A former security chief at the Los Angeles Department of Water and Power is suing the municipal utility, alleging that he was fired for complaining about security gaps and illegal actions by other employees.
Patrick Findley, who oversaw security and emergency management, was terminated earlier this year. His ouster came shortly after the release of a confidential report that pinpointed security vulnerabilities at three power stations, spurring concern at City Hall.
In his lawsuit, Findley says he had told the authors of that report, Navigant Consulting, that facility managers had ignored his concerns about malfunctioning security systems, scant lighting and other problems — revelations that proved embarrassing to the agency after reporters obtained an unredacted version of the study.
Findley also claims that he repeatedly complained to his supervisors about illegal activity by other employees, including burglarizing a department facility, skipping out on work, and ordering other employees to do tasks for the personal benefit of their bosses rather than to assist the utility.

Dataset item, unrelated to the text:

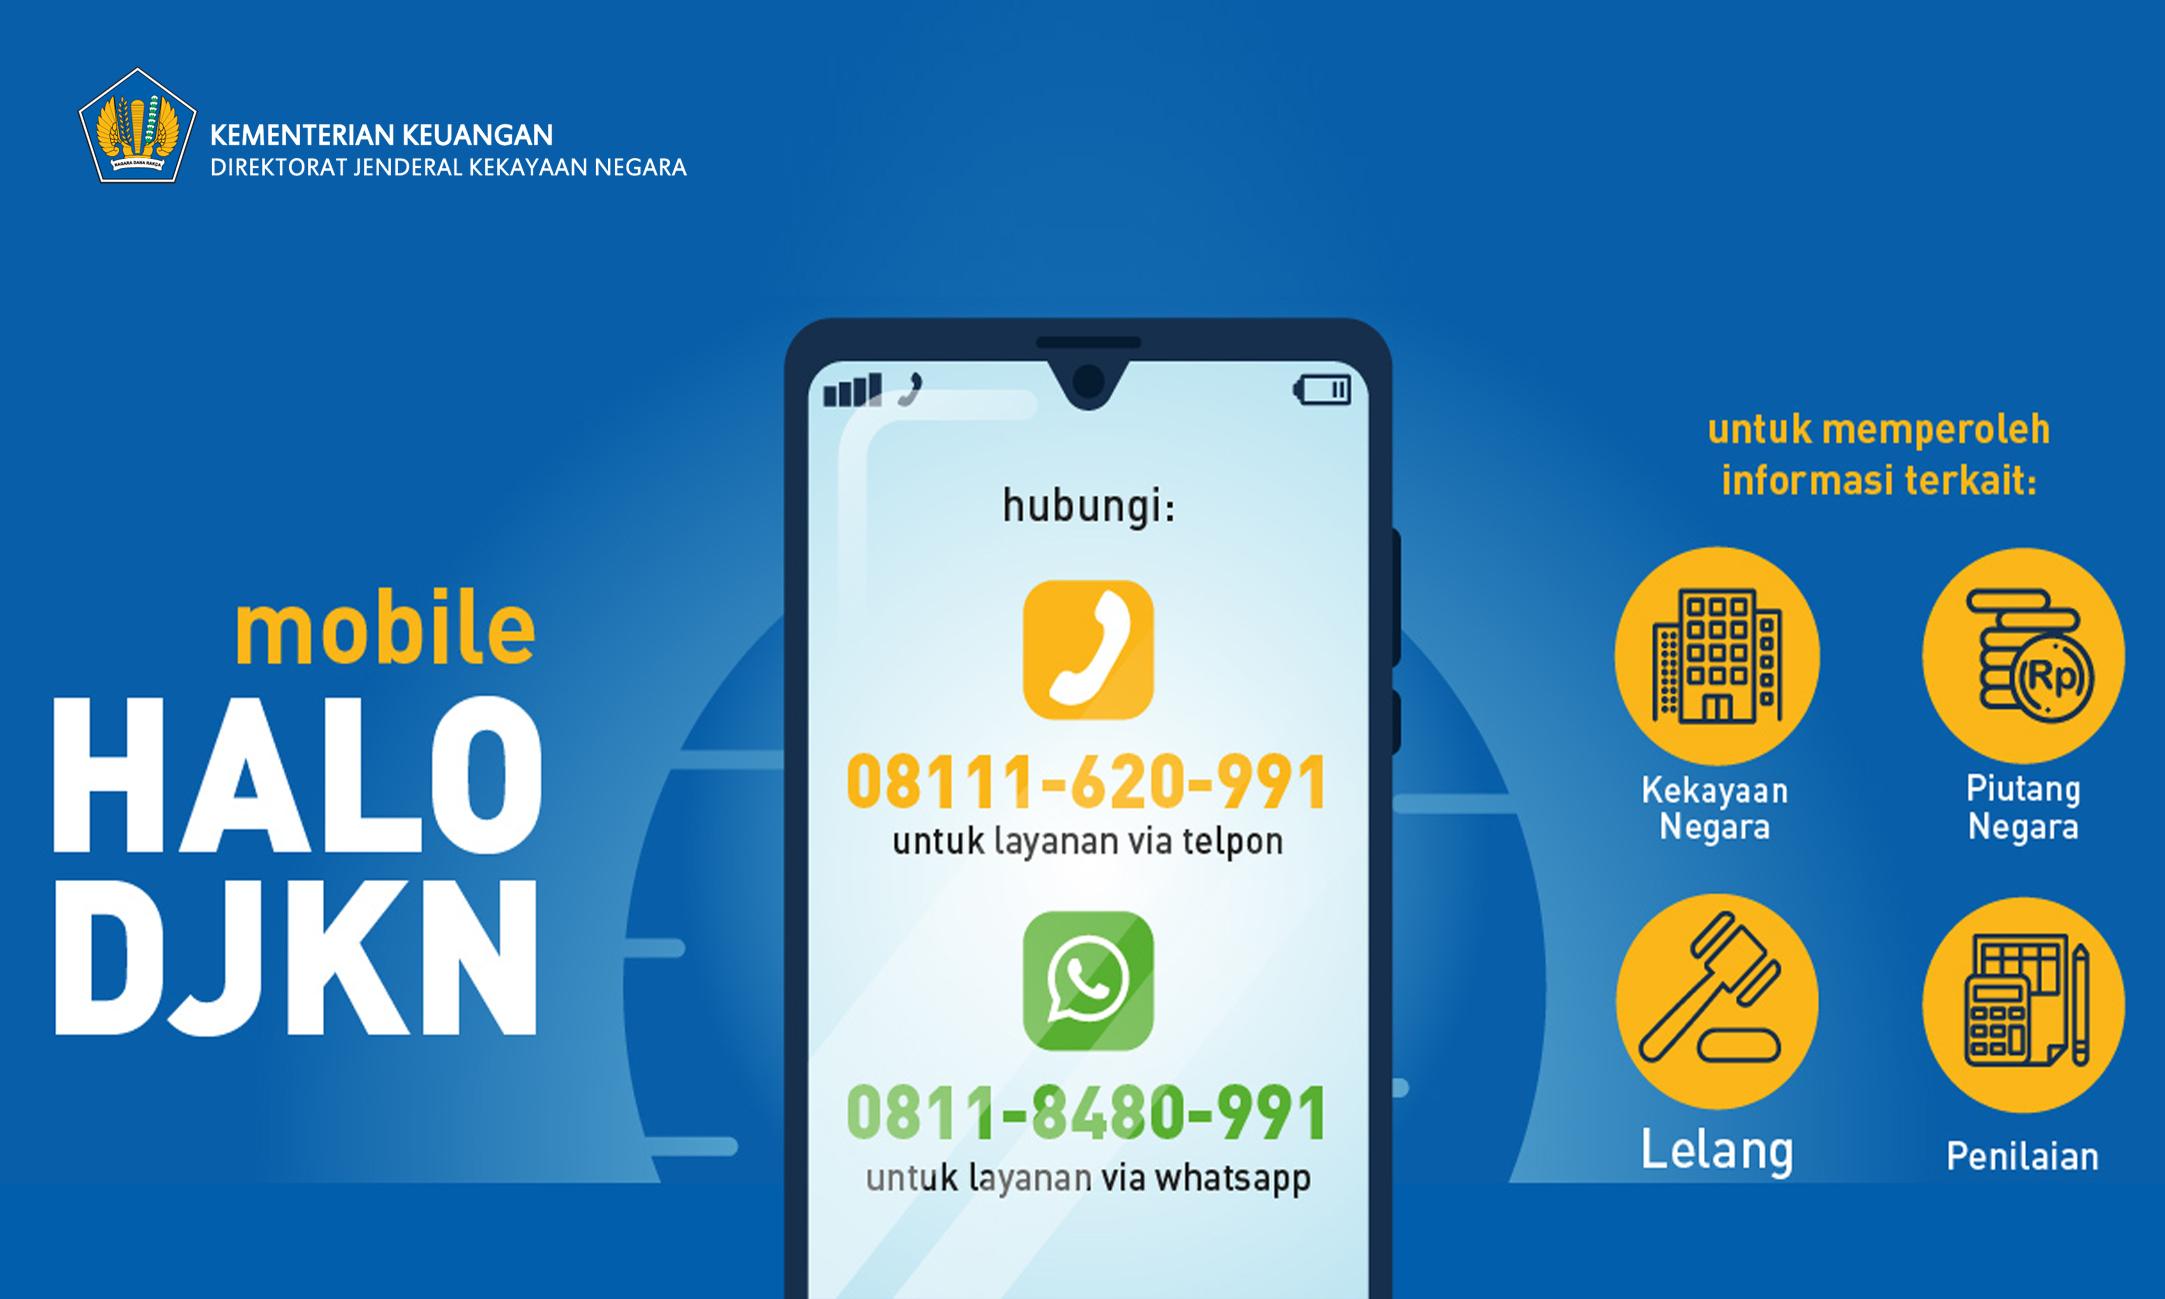 Layanan Mobile HALO DJKN

In addition, Findley told an independent group doing an audit for the city controller that utility employees had drawn up contract specifications and then successfully bid on the work themselves using “dummy companies,” as well as other unlawful acts, the lawsuit claims.
The former security chief alleges that the DWP failed to act on his concerns and thwarted his investigations, instead firing him despite an “impeccable record” with the utility.
The lawsuit specifically claims that David Wright — a utility executive who was recently tapped by Mayor Eric Garcetti to serve as the DWP’s interim general manager — was unable to give Findley a reason for his termination in January.
DWP spokesman Joseph Ramallo said in a written statement Thursday that the utility had not yet been served with the complaint, which was filed Wednesday.
Nonetheless, “we strongly disagree with any allegation of retaliation and with the assertions Mr. Findley has made in his lawsuit,” Ramallo said. “This is an employment and legal matter and we cannot provide further comment.”
The Los Angeles Daily News first reported on the security concerns raised in the unredacted Navigant report earlier this year.